Begin at the line that has "How does DHGATE", stop after the line that has "Black Spots on Dog's Skin: When To Worry", and print exactly those lines from the records below, without any pictures.

## SOURCE INFORMATION
____________
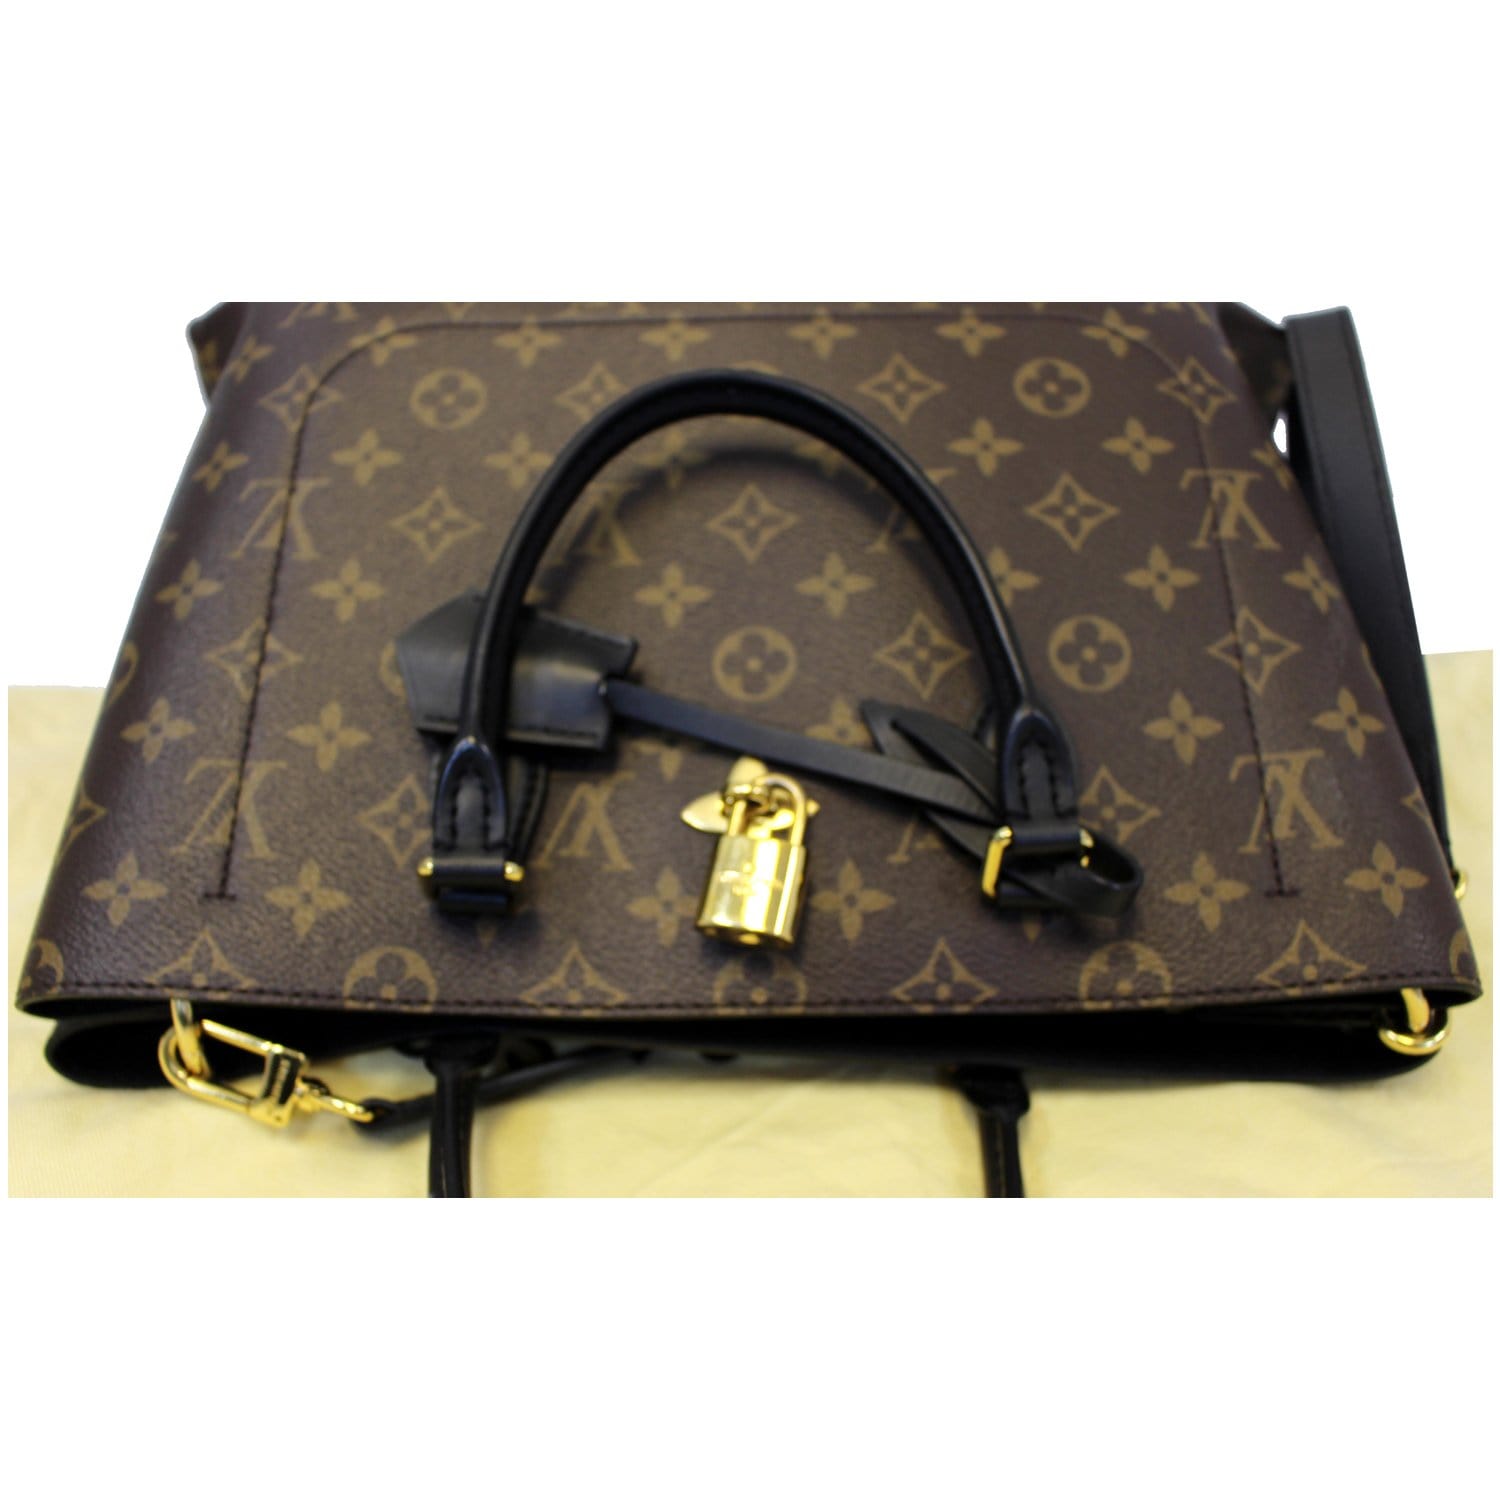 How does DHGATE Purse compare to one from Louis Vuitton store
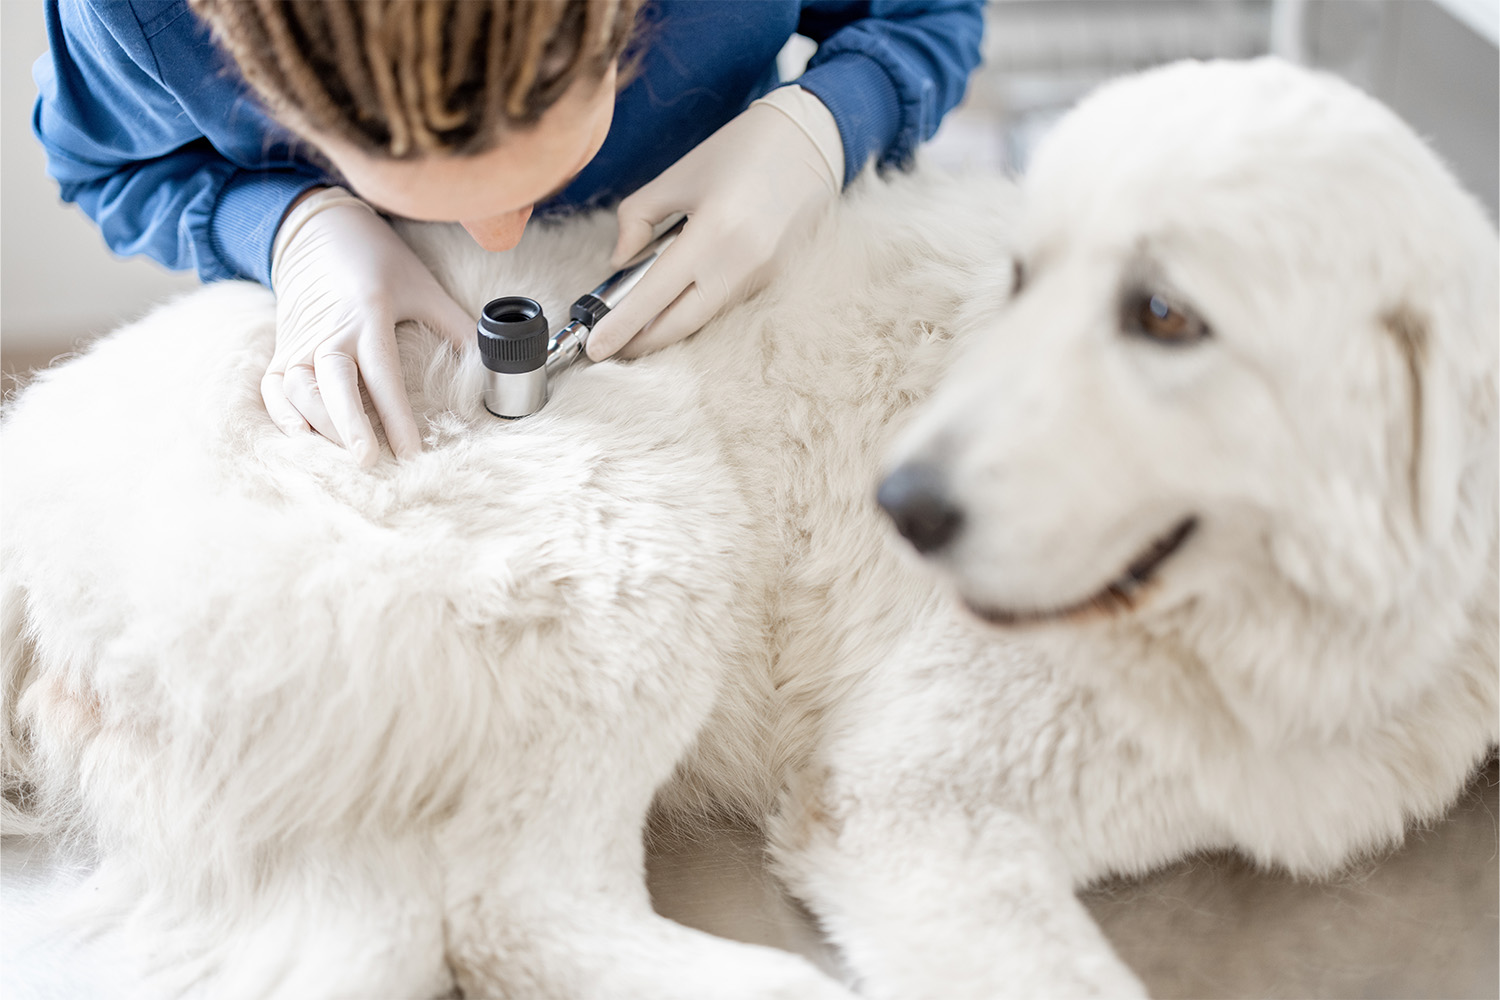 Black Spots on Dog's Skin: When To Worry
____________
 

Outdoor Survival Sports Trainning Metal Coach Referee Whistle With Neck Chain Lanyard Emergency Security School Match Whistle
____________
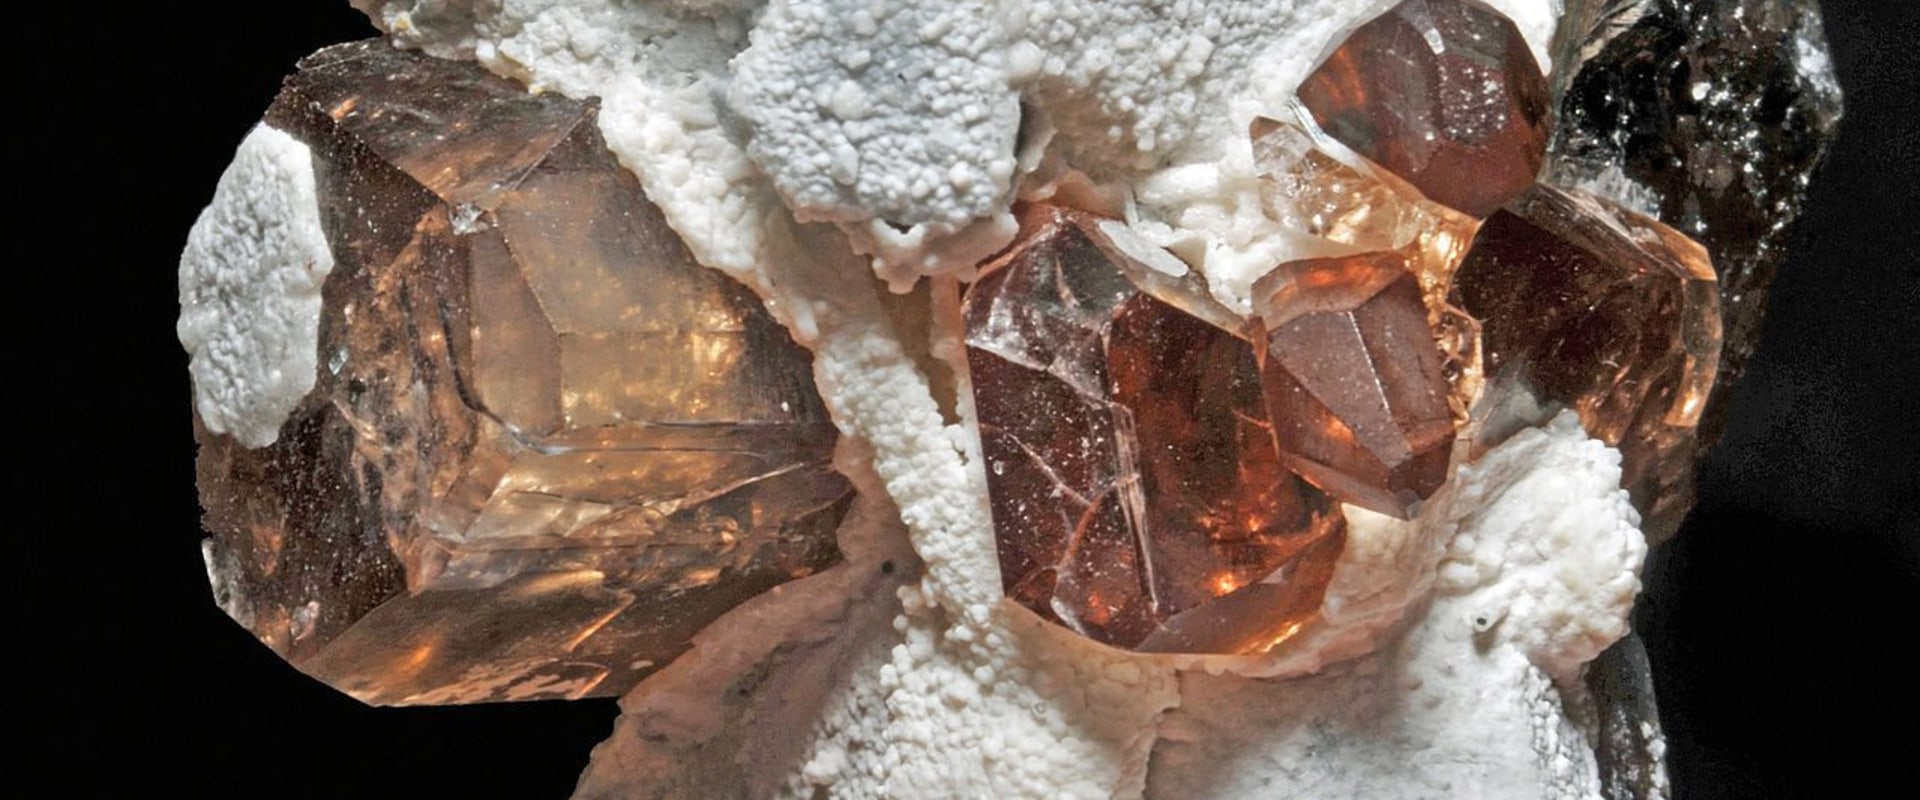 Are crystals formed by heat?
____________
## ANSWER SPACE
 How does DHGATE Purse compare to one from Louis Vuitton store
 Black Spots on Dog's Skin: When To Worry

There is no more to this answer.